++++ Data extract

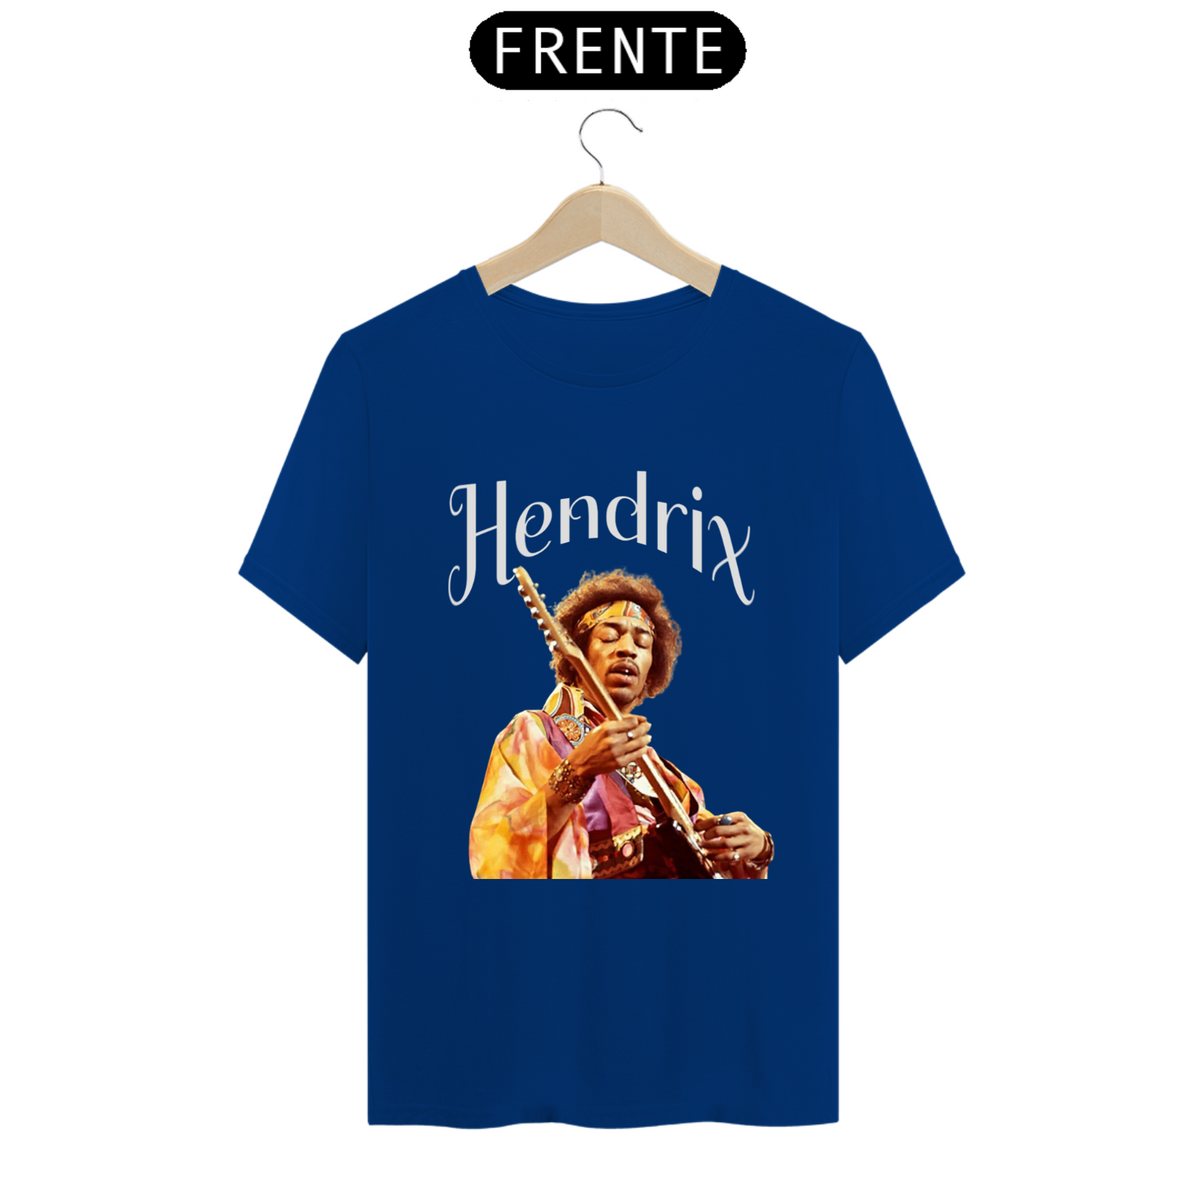 Nome do produto: Hendrix
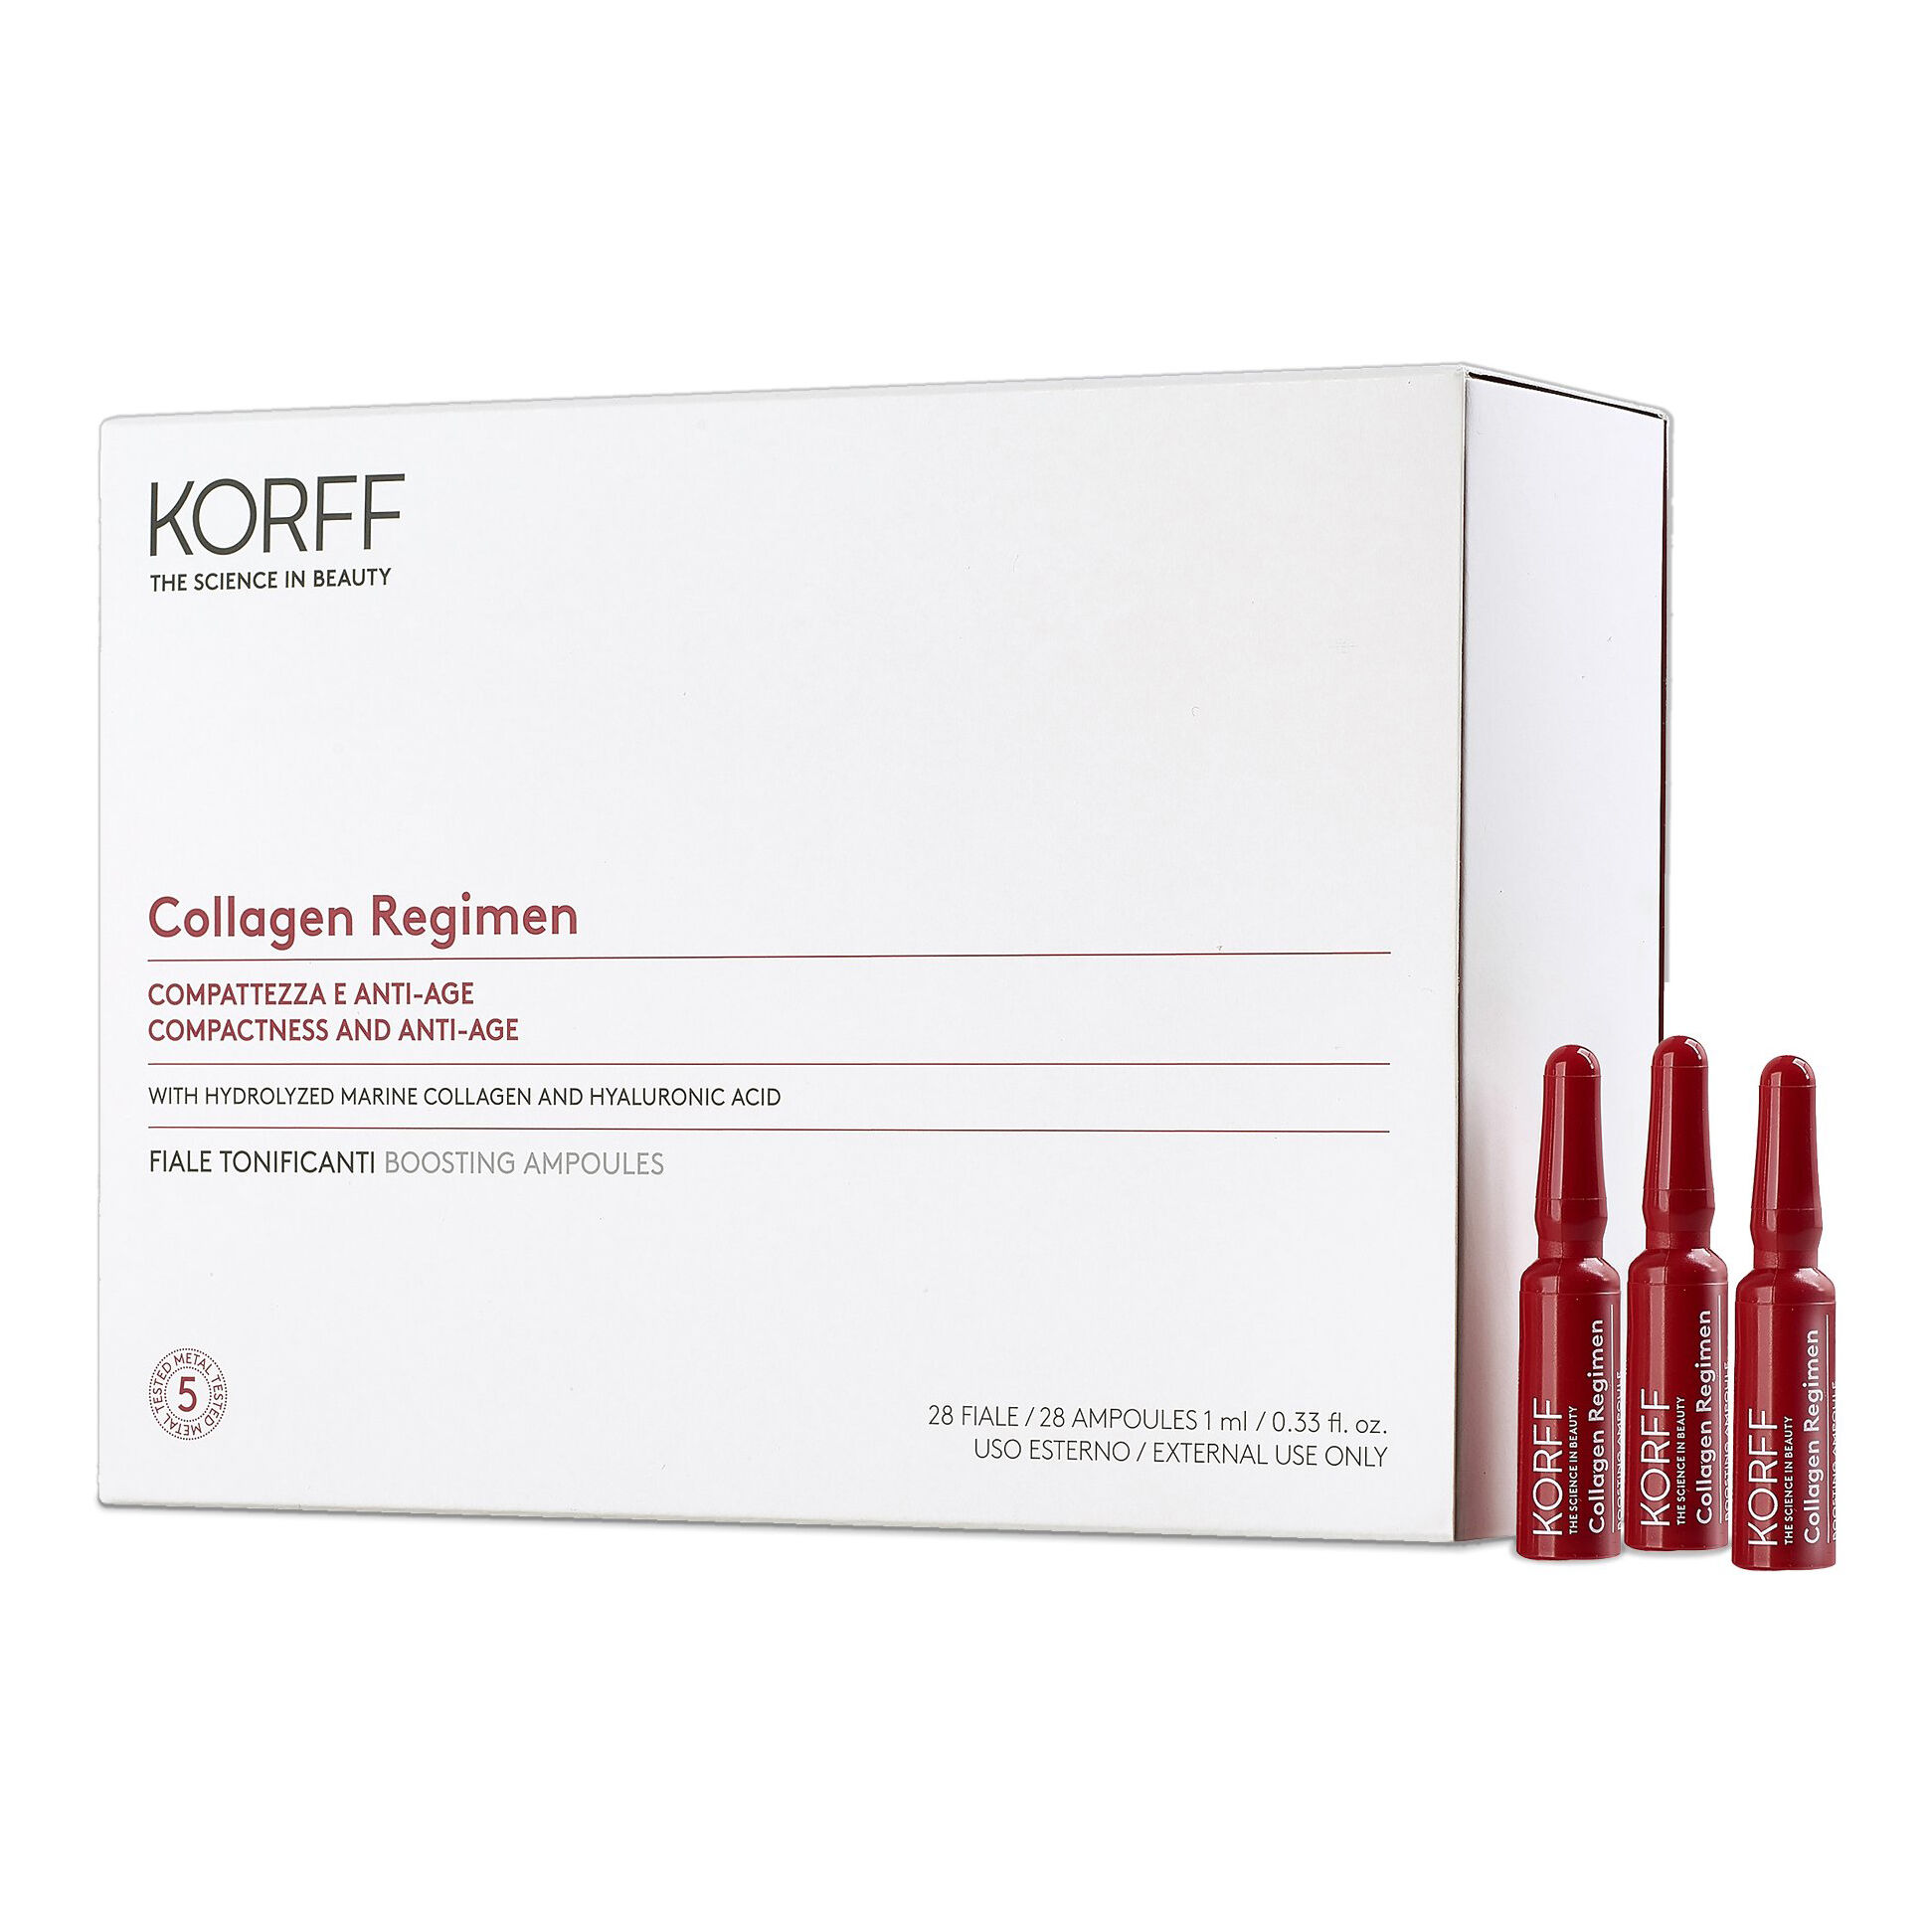 korff collagen regimen compattezza e anti-age 28 fiale
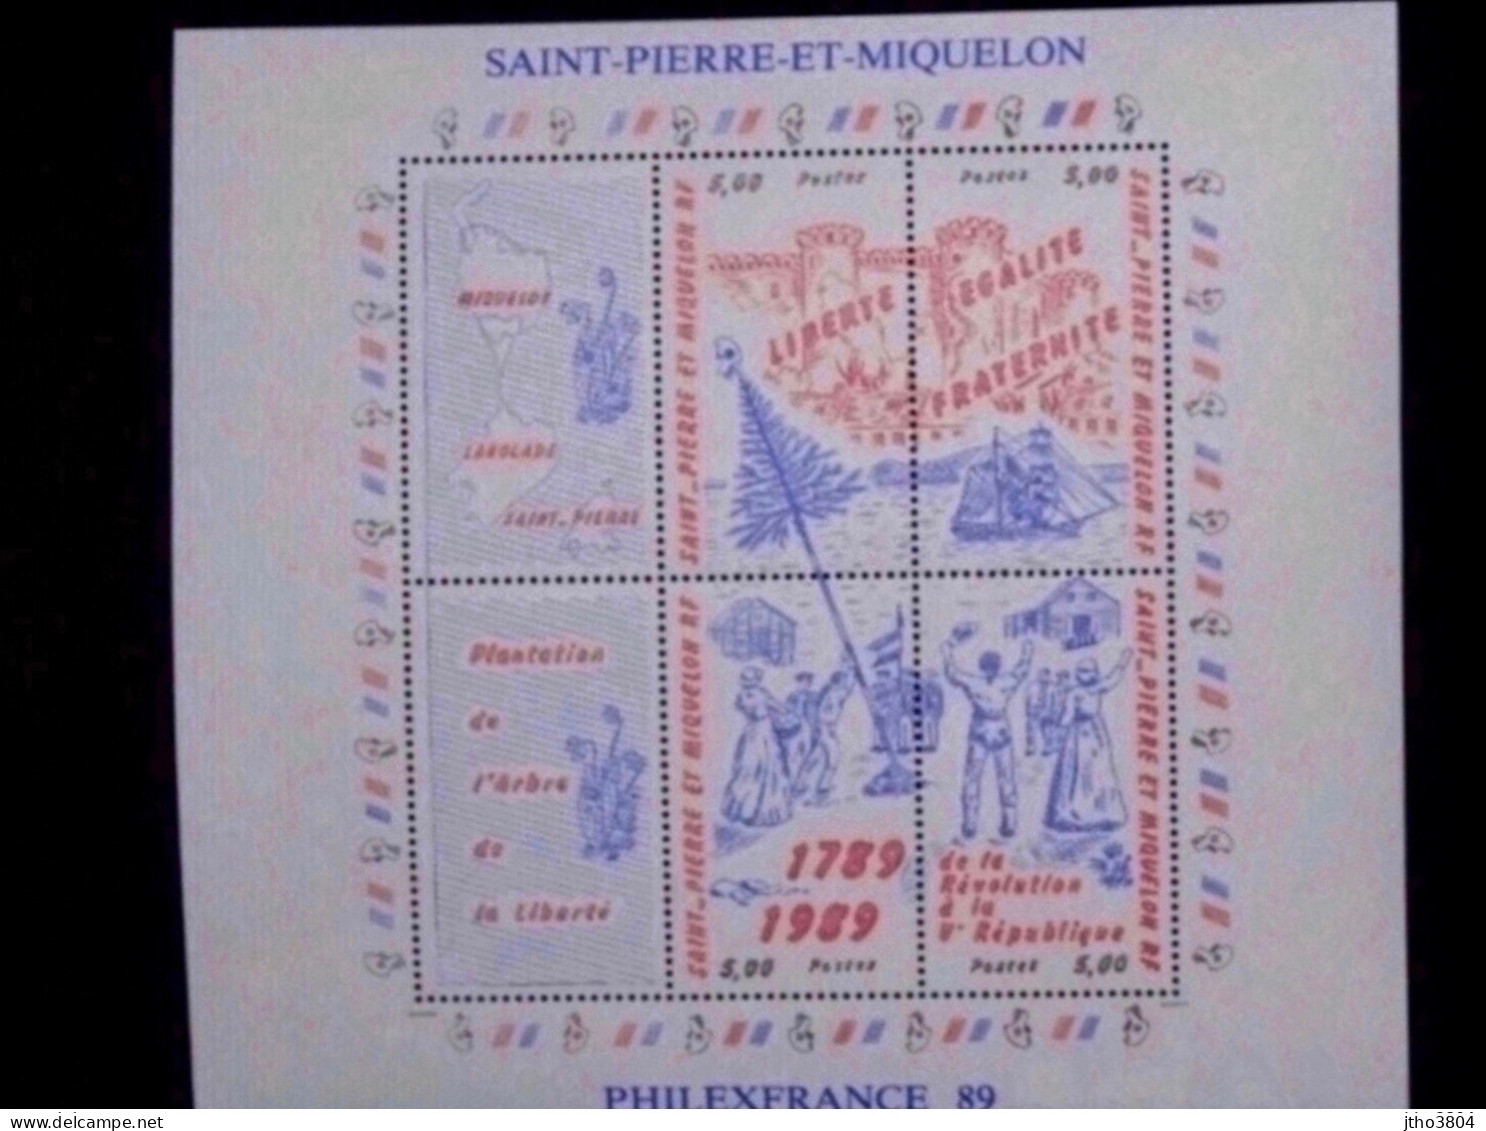 Saint Pierre Et Miquelon -Philexfrance 89 - Bloc 3 Révolution Française - BF3 - Ongebruikt
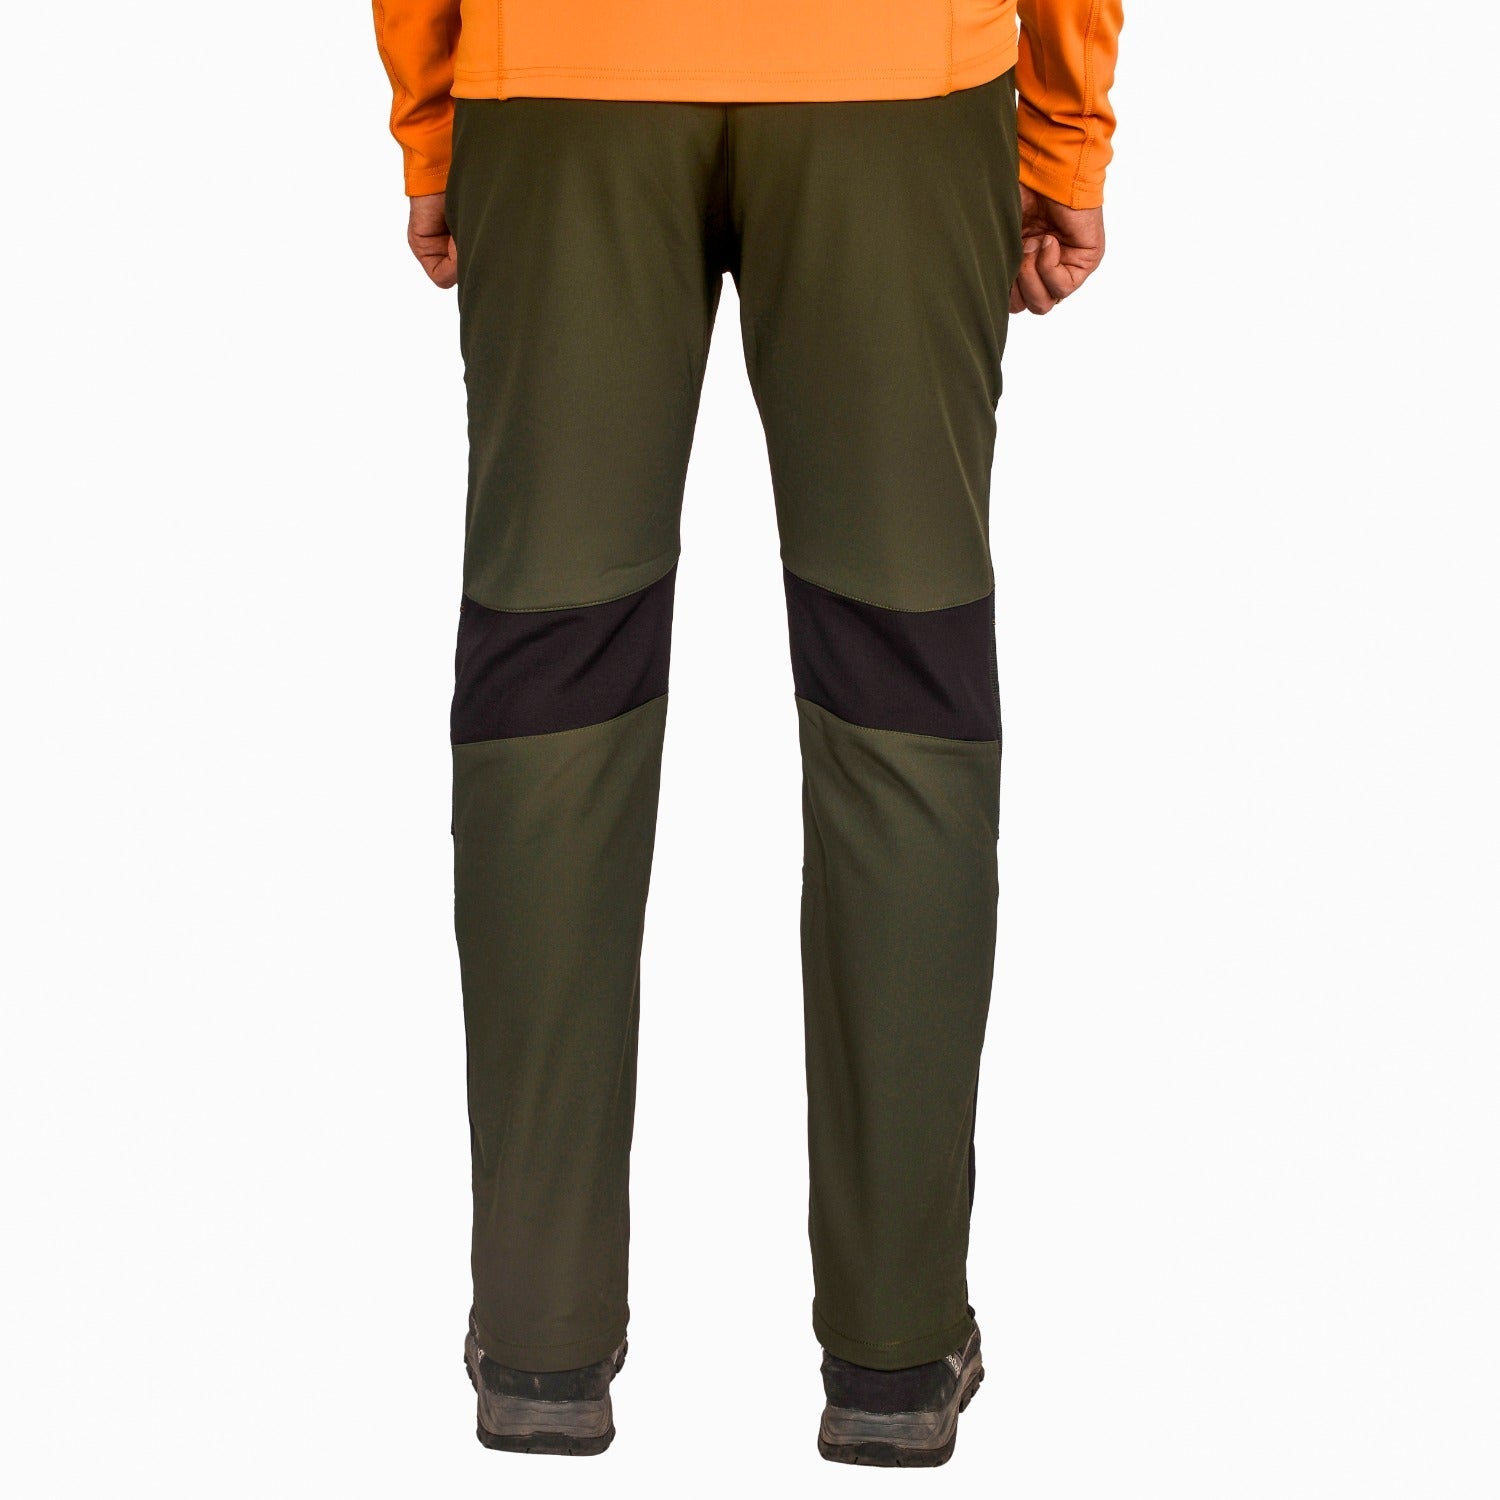 Buy Gokyo K2 Cold Weather Trekking & Outdoor Sherpa Pants | Trekking & Hiking Pants at Gokyo Outdoor Clothing & Gear

++++++++

Task to complete: Please reproduce the whole listing exactly; the pictures stay out.

Exercise result:
 Nome do produto: Hendrix
 korff collagen regimen compattezza e anti-age 28 fiale
 Saint Pierre Et Miquelon -Philexfrance 89 - Bloc 3 Révolution Française - BF3 - Ongebruikt
 Buy Gokyo K2 Cold Weather Trekking & Outdoor Sherpa Pants | Trekking & Hiking Pants at Gokyo Outdoor Clothing & Gear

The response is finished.